- GIVEN RECORDS
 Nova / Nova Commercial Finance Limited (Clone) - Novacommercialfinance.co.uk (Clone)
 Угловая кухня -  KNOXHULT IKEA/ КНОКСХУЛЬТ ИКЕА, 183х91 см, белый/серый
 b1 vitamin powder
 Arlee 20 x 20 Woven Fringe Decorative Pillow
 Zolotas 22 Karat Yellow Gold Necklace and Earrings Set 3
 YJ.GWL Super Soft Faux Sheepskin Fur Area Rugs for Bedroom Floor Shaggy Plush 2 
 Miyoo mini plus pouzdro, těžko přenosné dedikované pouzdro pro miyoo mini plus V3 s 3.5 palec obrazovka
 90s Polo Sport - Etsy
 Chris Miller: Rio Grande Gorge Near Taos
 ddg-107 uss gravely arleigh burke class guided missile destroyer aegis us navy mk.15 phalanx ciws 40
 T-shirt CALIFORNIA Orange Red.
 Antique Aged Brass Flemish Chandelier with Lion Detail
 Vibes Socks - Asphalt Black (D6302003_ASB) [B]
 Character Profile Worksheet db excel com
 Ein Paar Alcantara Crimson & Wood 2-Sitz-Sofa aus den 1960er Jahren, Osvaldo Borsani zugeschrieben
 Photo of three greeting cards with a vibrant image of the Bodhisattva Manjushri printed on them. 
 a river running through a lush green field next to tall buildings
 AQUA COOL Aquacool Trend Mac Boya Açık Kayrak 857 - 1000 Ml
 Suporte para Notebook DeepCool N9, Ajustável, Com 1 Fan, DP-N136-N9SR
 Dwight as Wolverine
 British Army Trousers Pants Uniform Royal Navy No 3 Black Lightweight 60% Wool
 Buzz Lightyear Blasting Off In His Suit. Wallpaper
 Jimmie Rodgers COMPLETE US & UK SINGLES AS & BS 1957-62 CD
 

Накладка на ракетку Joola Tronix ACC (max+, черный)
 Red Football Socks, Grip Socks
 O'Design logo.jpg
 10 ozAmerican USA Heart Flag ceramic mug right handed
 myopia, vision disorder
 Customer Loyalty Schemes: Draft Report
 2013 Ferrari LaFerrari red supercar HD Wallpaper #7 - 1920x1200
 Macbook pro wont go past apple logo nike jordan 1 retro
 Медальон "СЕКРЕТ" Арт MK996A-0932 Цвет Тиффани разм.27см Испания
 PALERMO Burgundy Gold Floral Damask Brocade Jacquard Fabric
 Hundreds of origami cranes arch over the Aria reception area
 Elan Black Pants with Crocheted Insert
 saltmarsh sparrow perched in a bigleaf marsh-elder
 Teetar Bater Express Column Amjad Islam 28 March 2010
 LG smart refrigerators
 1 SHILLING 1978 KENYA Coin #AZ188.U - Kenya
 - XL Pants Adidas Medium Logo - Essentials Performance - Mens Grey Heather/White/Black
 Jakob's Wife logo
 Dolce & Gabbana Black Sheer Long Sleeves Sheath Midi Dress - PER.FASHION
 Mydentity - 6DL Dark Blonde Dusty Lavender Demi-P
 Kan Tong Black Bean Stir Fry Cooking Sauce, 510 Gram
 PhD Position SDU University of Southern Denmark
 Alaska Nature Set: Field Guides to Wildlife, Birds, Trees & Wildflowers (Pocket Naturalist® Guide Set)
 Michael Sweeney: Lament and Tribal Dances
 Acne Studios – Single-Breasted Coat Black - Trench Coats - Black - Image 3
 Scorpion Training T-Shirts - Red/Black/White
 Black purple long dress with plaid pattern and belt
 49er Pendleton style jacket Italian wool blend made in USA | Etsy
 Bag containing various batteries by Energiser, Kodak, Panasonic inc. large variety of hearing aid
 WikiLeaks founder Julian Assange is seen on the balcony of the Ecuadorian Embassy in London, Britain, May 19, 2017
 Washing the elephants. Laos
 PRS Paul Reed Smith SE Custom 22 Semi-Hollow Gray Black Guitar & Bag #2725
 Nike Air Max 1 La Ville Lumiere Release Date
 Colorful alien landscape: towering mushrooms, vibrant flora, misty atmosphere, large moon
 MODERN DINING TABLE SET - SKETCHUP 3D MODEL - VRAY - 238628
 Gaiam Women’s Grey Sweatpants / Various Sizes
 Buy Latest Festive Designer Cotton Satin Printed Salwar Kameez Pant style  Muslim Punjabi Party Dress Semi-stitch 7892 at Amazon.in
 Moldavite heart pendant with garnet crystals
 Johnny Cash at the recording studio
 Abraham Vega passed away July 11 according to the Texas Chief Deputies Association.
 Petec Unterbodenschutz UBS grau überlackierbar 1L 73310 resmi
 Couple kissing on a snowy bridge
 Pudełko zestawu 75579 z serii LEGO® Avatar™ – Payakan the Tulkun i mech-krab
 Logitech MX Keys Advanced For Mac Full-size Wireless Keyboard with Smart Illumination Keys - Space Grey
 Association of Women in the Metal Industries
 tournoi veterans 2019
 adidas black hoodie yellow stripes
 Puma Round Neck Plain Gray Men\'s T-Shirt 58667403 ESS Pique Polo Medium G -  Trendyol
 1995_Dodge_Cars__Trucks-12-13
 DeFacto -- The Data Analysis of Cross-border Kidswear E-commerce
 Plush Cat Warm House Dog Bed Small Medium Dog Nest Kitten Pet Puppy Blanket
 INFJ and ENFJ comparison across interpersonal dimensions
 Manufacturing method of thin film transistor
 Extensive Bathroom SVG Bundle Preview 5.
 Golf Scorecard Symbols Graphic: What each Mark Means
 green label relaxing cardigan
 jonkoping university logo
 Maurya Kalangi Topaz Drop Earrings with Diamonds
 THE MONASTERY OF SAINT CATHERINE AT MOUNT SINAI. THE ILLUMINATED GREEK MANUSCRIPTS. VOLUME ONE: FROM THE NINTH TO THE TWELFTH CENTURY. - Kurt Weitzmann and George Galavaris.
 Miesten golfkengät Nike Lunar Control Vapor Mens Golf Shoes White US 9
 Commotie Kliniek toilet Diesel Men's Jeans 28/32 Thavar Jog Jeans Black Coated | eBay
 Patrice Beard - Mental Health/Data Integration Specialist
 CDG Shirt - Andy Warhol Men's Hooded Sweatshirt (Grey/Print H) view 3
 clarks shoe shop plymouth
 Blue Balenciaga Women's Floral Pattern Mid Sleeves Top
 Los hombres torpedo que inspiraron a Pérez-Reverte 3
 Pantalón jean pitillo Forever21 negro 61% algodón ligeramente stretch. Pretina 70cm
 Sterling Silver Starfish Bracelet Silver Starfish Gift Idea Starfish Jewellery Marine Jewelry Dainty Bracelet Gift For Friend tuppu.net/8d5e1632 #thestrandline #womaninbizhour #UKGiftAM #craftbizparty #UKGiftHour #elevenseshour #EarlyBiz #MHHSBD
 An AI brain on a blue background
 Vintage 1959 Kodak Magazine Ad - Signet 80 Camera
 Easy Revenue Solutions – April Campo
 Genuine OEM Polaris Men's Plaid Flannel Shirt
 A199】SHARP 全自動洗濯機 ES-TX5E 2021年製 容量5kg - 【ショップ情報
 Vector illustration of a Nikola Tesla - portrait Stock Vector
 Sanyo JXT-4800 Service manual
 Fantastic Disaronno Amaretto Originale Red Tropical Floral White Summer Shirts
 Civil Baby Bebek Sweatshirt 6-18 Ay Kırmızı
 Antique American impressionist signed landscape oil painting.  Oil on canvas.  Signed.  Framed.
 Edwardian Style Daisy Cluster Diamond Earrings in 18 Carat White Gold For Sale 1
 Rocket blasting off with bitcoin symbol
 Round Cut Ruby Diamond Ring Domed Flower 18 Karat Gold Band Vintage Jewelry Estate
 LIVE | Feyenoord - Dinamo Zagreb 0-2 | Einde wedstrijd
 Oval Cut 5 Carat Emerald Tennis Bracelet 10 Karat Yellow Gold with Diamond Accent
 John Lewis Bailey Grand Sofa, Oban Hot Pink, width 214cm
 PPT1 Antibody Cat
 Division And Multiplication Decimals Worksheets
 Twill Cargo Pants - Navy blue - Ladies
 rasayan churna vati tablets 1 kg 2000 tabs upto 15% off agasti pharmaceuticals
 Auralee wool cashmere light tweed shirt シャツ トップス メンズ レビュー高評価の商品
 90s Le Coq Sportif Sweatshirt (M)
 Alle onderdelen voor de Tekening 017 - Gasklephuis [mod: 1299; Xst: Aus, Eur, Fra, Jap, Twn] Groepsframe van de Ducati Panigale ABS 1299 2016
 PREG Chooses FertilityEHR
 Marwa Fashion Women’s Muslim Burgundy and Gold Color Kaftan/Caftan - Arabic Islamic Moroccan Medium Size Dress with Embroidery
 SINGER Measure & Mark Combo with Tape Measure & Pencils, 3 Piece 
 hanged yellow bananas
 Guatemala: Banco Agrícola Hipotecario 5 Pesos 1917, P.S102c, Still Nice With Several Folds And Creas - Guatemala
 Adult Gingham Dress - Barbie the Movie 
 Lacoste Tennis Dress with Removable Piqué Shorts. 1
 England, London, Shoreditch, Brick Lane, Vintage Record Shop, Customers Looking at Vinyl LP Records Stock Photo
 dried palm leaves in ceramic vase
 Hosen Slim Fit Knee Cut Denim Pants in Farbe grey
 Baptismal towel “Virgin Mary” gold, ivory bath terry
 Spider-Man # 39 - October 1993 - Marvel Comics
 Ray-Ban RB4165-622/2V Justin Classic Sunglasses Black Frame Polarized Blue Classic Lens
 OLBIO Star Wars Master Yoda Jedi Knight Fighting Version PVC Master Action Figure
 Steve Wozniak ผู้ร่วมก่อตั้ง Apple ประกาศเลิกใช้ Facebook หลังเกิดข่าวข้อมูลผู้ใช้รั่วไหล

- WHAT IS EXPECTED
Look above for the line with "ddg-107 uss gravely" and the line with "Buzz Lightyear Blasting", and reproduce exactly those two lines plus every line between, nothing more.

- SOLVED PROBLEM
 ddg-107 uss gravely arleigh burke class guided missile destroyer aegis us navy mk.15 phalanx ciws 40
 T-shirt CALIFORNIA Orange Red.
 Antique Aged Brass Flemish Chandelier with Lion Detail
 Vibes Socks - Asphalt Black (D6302003_ASB) [B]
 Character Profile Worksheet db excel com
 Ein Paar Alcantara Crimson & Wood 2-Sitz-Sofa aus den 1960er Jahren, Osvaldo Borsani zugeschrieben
 Photo of three greeting cards with a vibrant image of the Bodhisattva Manjushri printed on them. 
 a river running through a lush green field next to tall buildings
 AQUA COOL Aquacool Trend Mac Boya Açık Kayrak 857 - 1000 Ml
 Suporte para Notebook DeepCool N9, Ajustável, Com 1 Fan, DP-N136-N9SR
 Dwight as Wolverine
 British Army Trousers Pants Uniform Royal Navy No 3 Black Lightweight 60% Wool
 Buzz Lightyear Blasting Off In His Suit. Wallpaper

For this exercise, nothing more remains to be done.